Vegetebird / StridedTransformer-Pose3D

[TMM 2022] Exploiting Temporal Contexts with Strided Transformer for 3D Human Pose Estimation
MIT License
335 stars 37 forks source link

evaluation on those frames at the begging or the end of one video #1

Closed Albertchen98 closed 2 years ago

Albertchen98 commented 2 years ago

How did you deal with the situation when the target frame is the first one of the video? then there isn't any perceding frames to make the target frame as the 'center frame'. Or you just ignore it and start the evaluation from the 13th frame when the input sequence length is 27?

Vegetebird commented 2 years ago

Following VideoPose3D and ST-GCN, in the data preprocessing, if the target frame is the first one of the video, we pad with the edge values of array. You can refer to https://github.com/Vegetebird/StridedTransformer-Pose3D/blob/163f0cb4869ef51d7545b4c3d04ce3491a2b67e2/common/generator.py#L103.

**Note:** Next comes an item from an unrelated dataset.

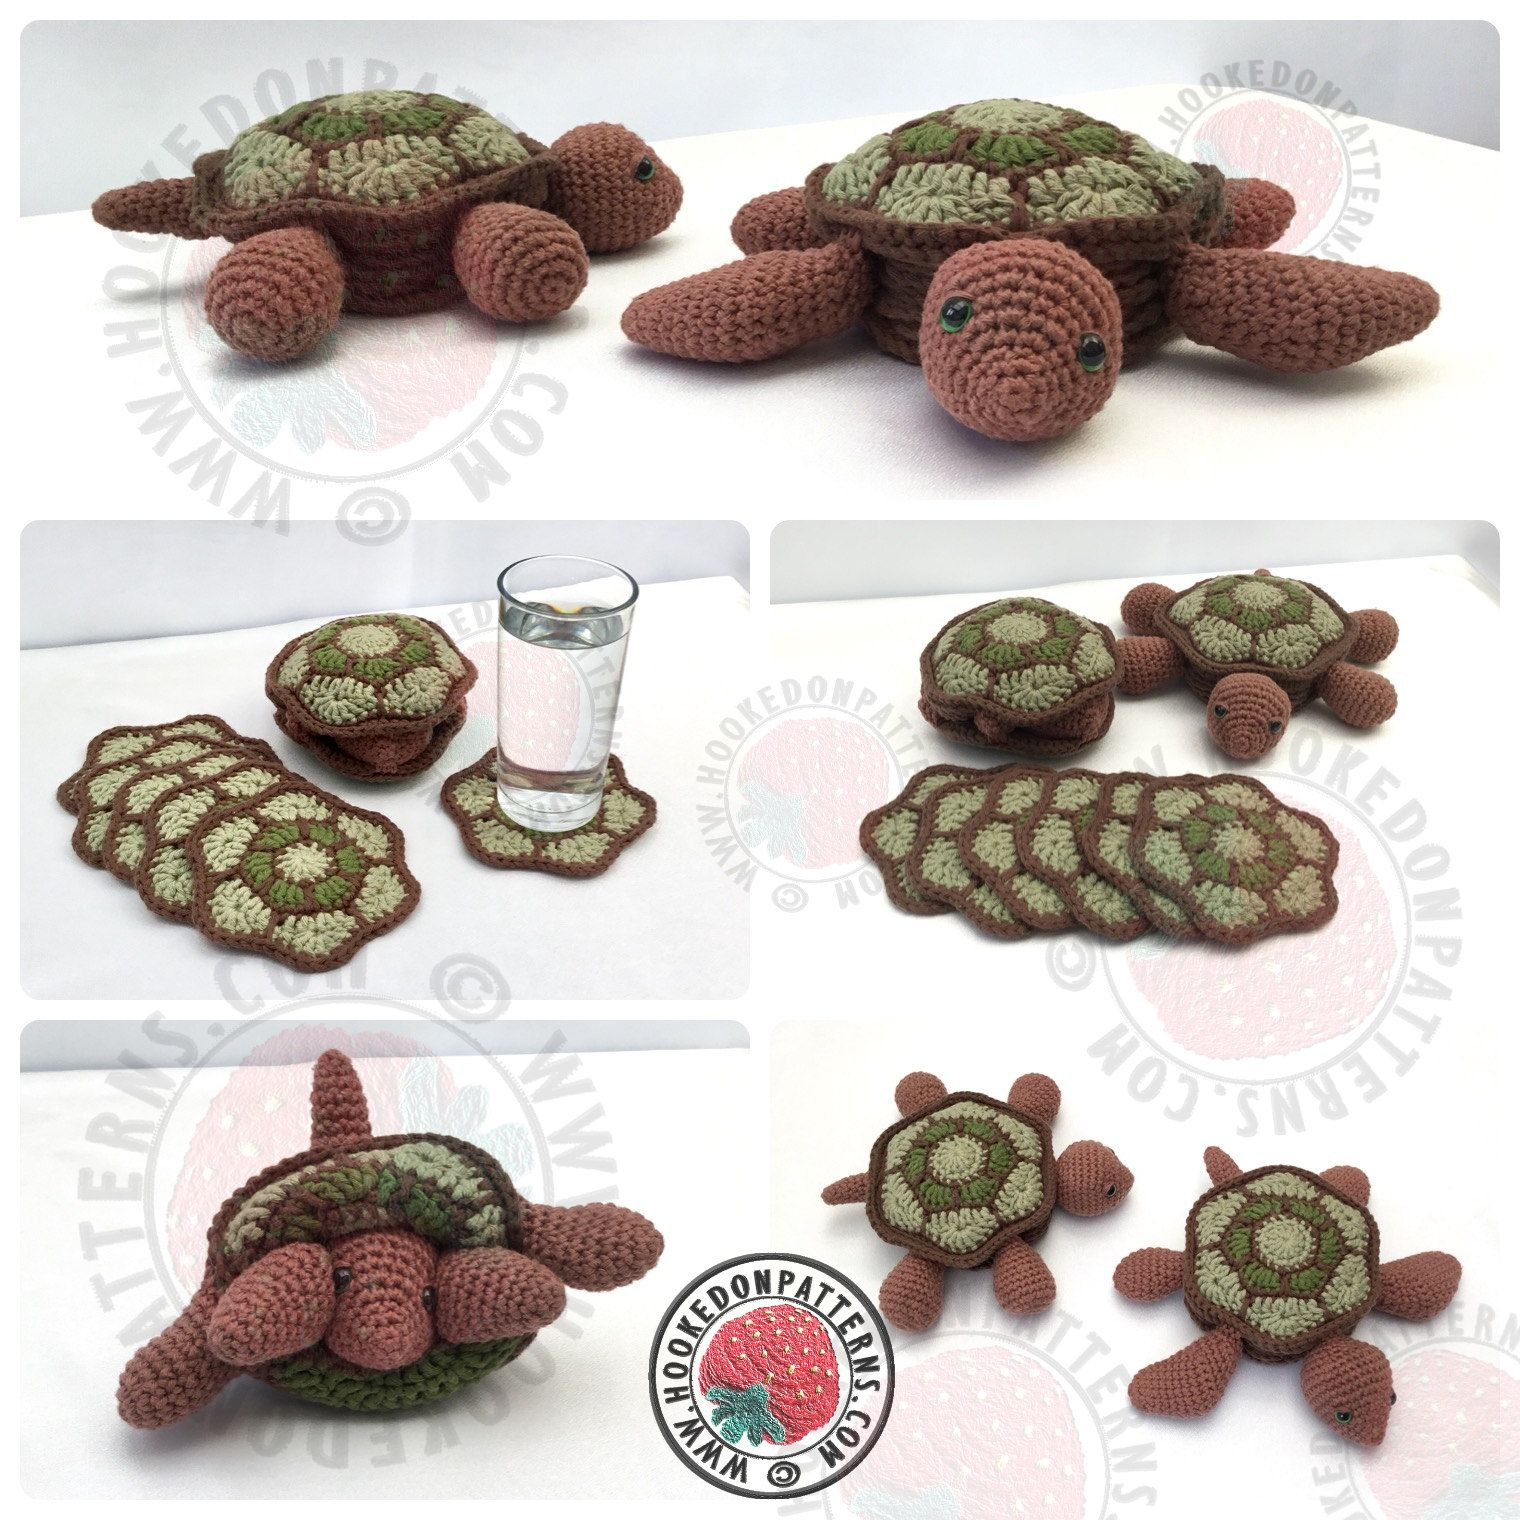 3885535e351d586769095d3dad953fb8 Frais De Aquarium A tortue Concept
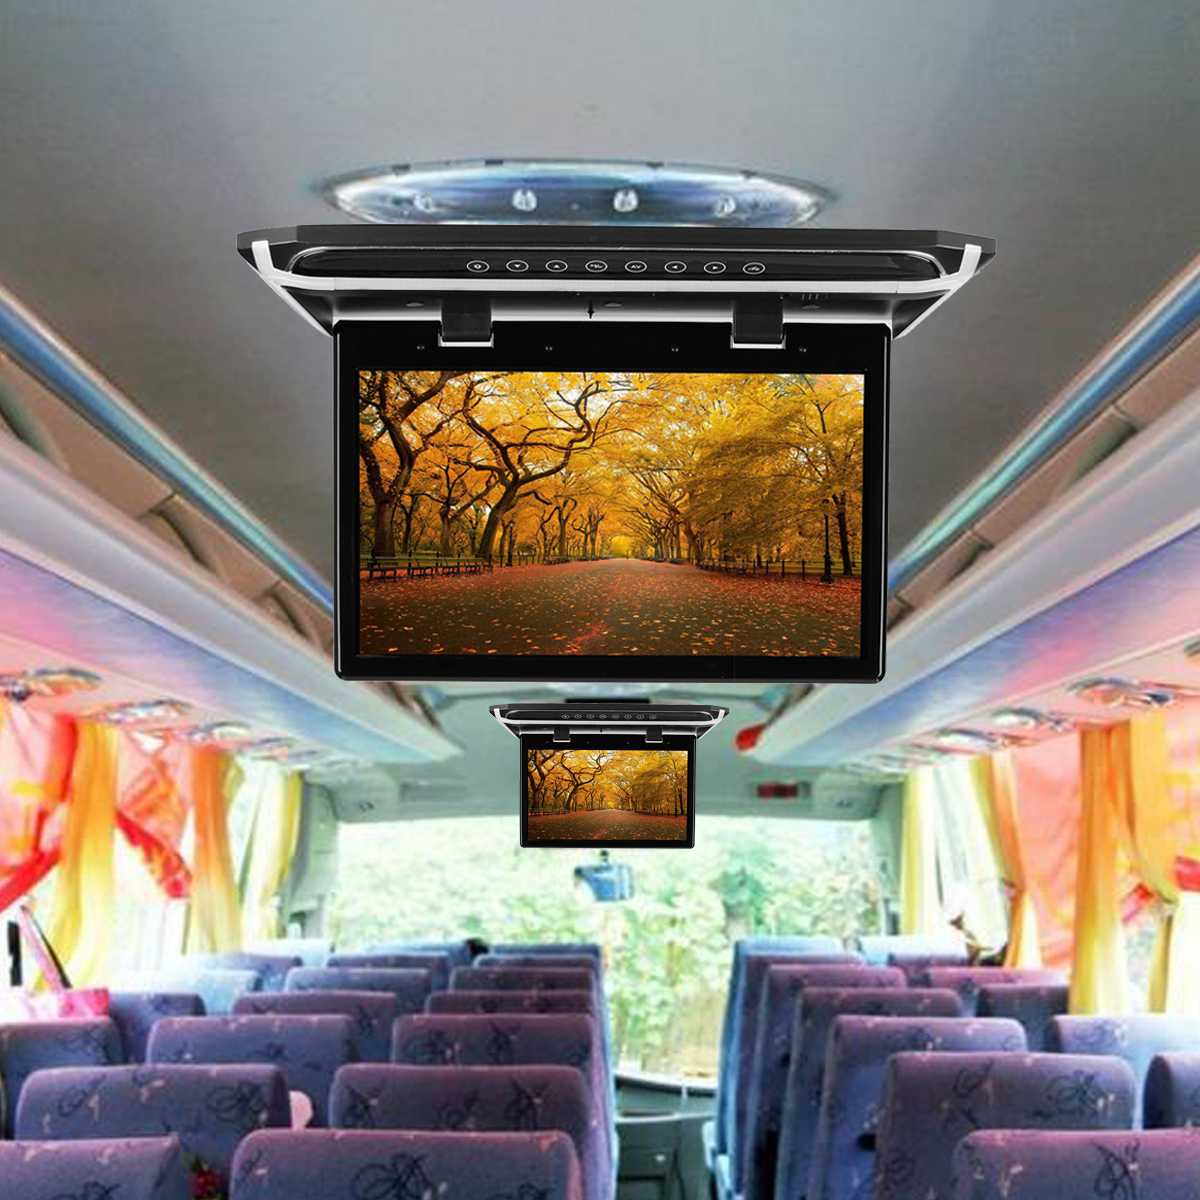 15.6 HD lecteur DVD de voiture grand écran HDMI plafond de voiture rabattable moniteur lecteur de montage sur le toit 1920*1080 - 1

Albertchen98 commented 2 years ago

thank you very much for the quick reply~

I found another interesting thing that the max-pooling only extracts value each stride_num[i] steps because the kernel size is set to 1, there isn't any implict 'max-pooling' operation conducted. Have you ever tried kernel size 3 and got any performance discrepancy? https://github.com/Vegetebird/StridedTransformer-Pose3D/blob/163f0cb4869ef51d7545b4c3d04ce3491a2b67e2/model/block/strided_transformer_encoder.py#L65

Vegetebird commented 2 years ago

I forget whether I have tried it, maybe you can try it~